Updates & Validation

As of 16 February 2020 the resolved CFR based on China’s official statistics stands at 1863/(1863+10844) = 15%. And when accounting for underreported mild cases, I still believe my guess of 1.6%, made on 7 February 2020, is reasonable.

On 10 February 2020, the Imperial College London MRC Centre for Global Infectious Disease Analysis published Report 4: Severity of 2019-novel coronavirus that estimates the CFR based on China’s statistics at 18%, or 0.8-0.9% when accounting for underreported mild cases. Both figures approximately match my estimates (respectively 15% and 1.6%.)

On 14 February 2020, Real-Time Estimation of the Risk of Death from Novel Coronavirus (COVID-19) Infection: Inference Using Exported Cases estimated the IFR at 0.5-0.8%. The Infection Fatality Ratio is the same as a CFR estimate that corrects for underreported cases. It approximately matches my estimate (1.6%.)

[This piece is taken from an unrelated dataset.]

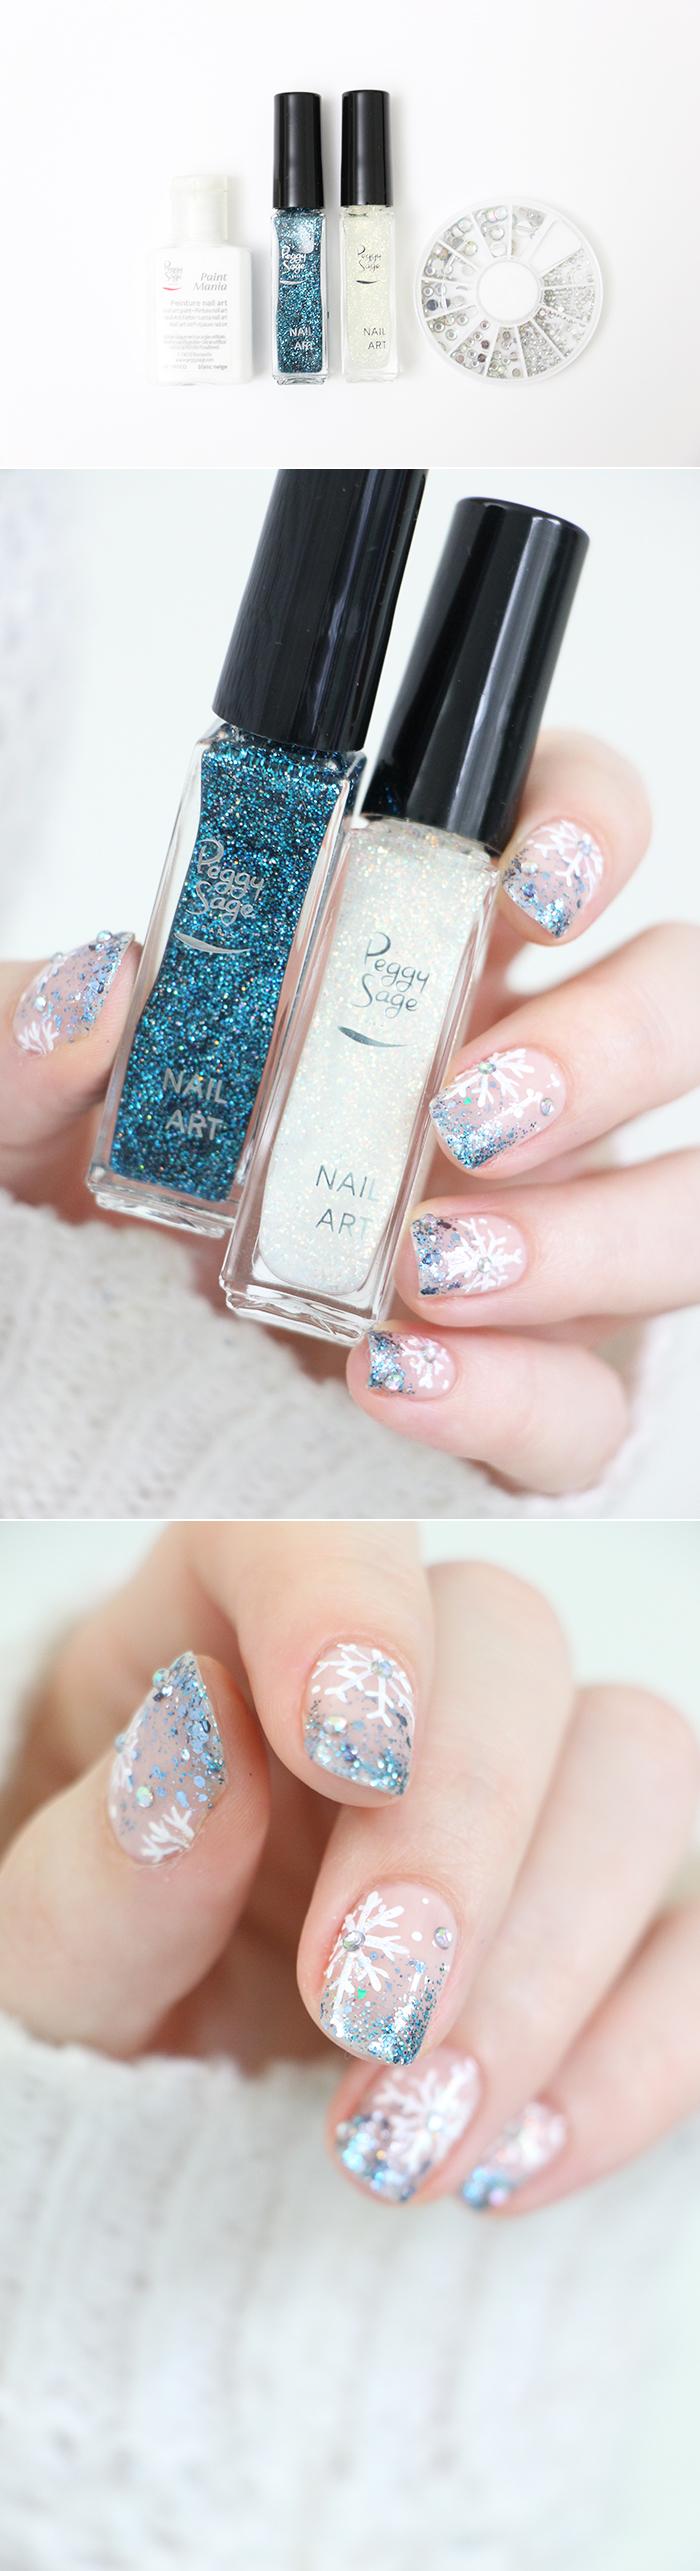 nail-art-flocons-snowflakes-3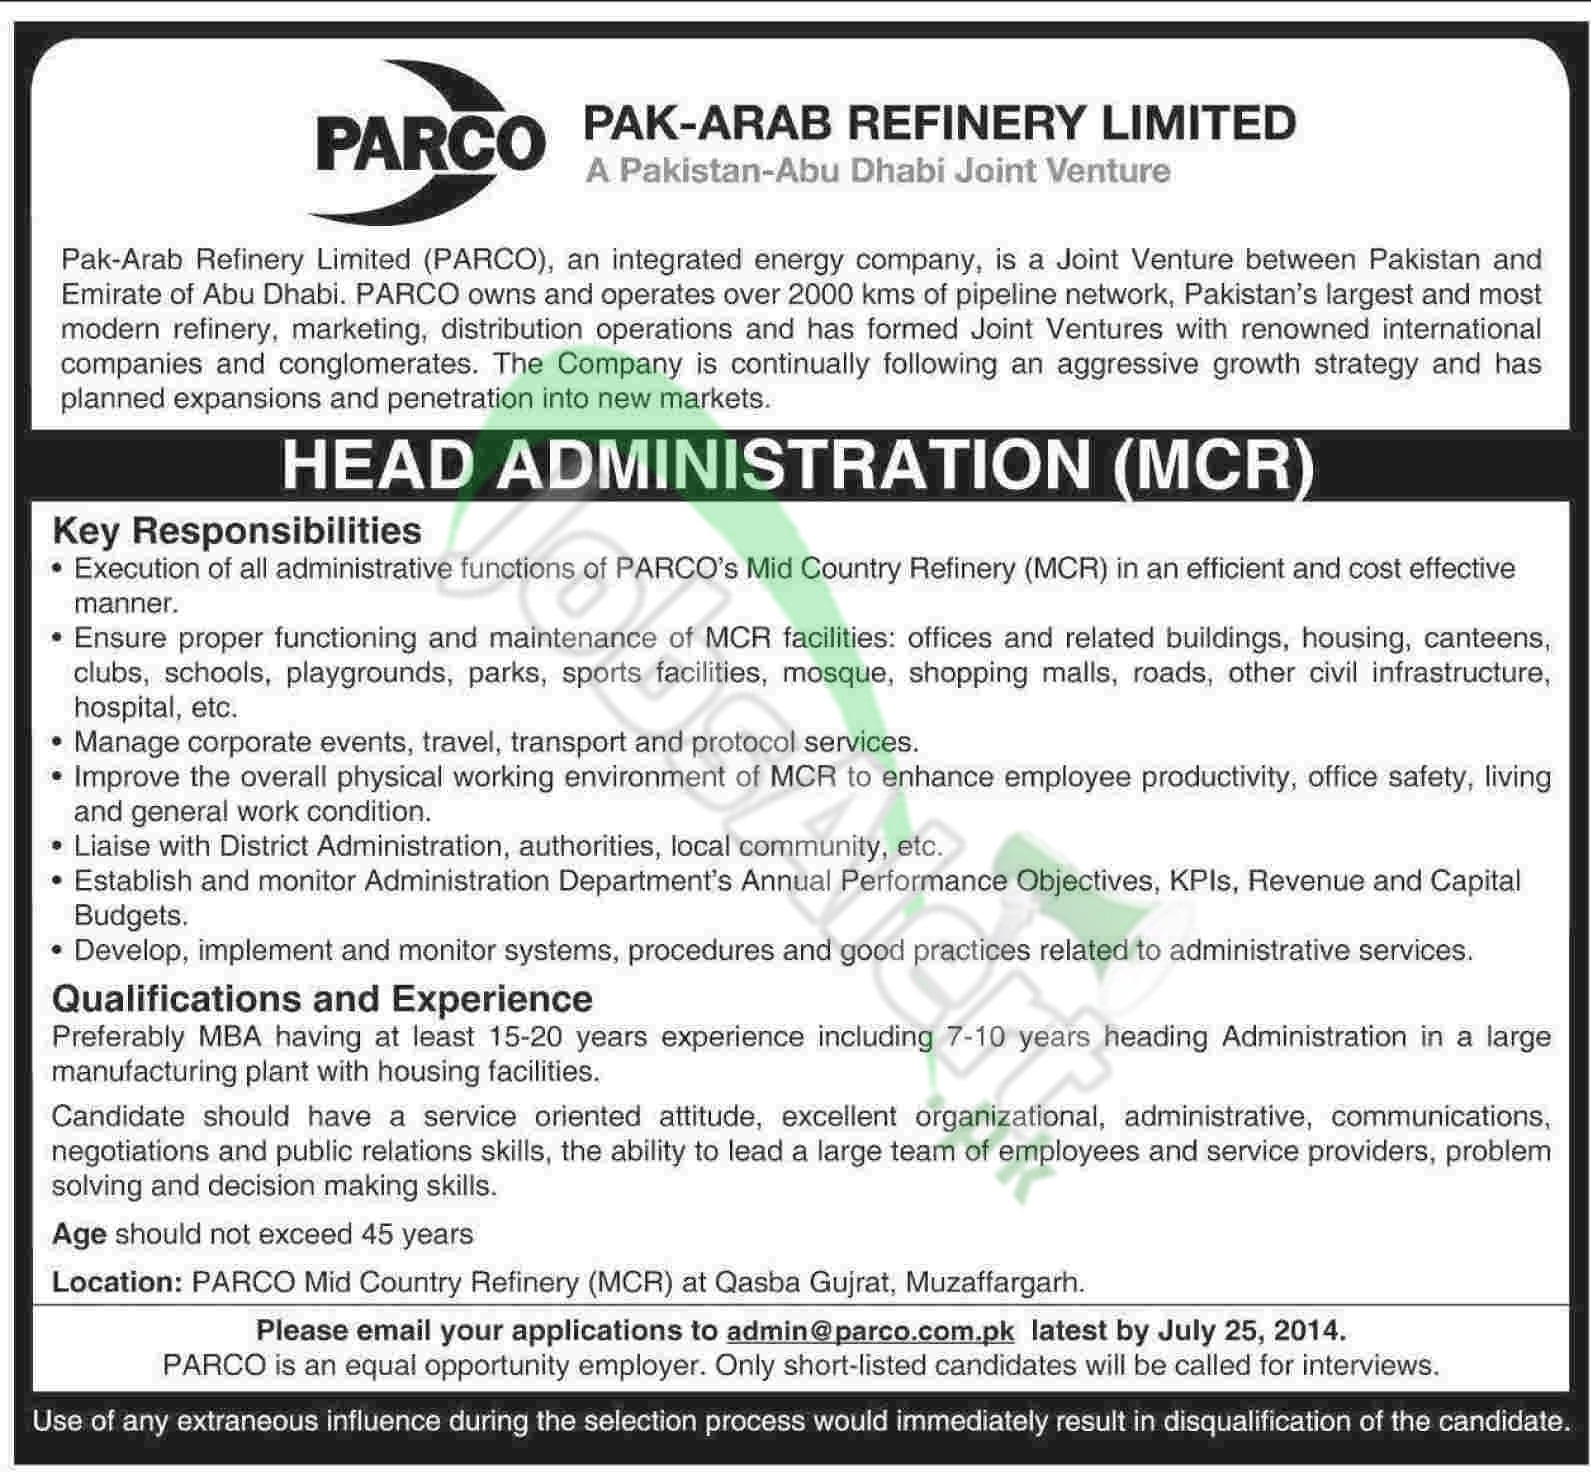 Pak Arab Refinery Limited

On 19 February 2020, the Institute for Disease Modeling estimated the IFR at 0.94%. It approximately matches my estimate (1.6%.)

The 3 reports above are referenced by the WHO in Coronavirus disease situation report - 30 (references 10, 11 and 12) and in situation report 31.

As of 21 February 2020, a researcher from the Institute of Social and Preventive Medicine, University of Bern estimated the CFR using a methodology to correct for possible underreporting of mild cases, and found 1.6%. It exactly matches my estimate for this scenario (1.6%.)

As of 30 March 2020, a peer-reviewed paper in The Lancet, Estimates of the severity of coronavirus disease 2019: a model-based analysis, estimated the IFR at 0.66%. It approximately matches my estimate (1.6%) within a two-fold factor.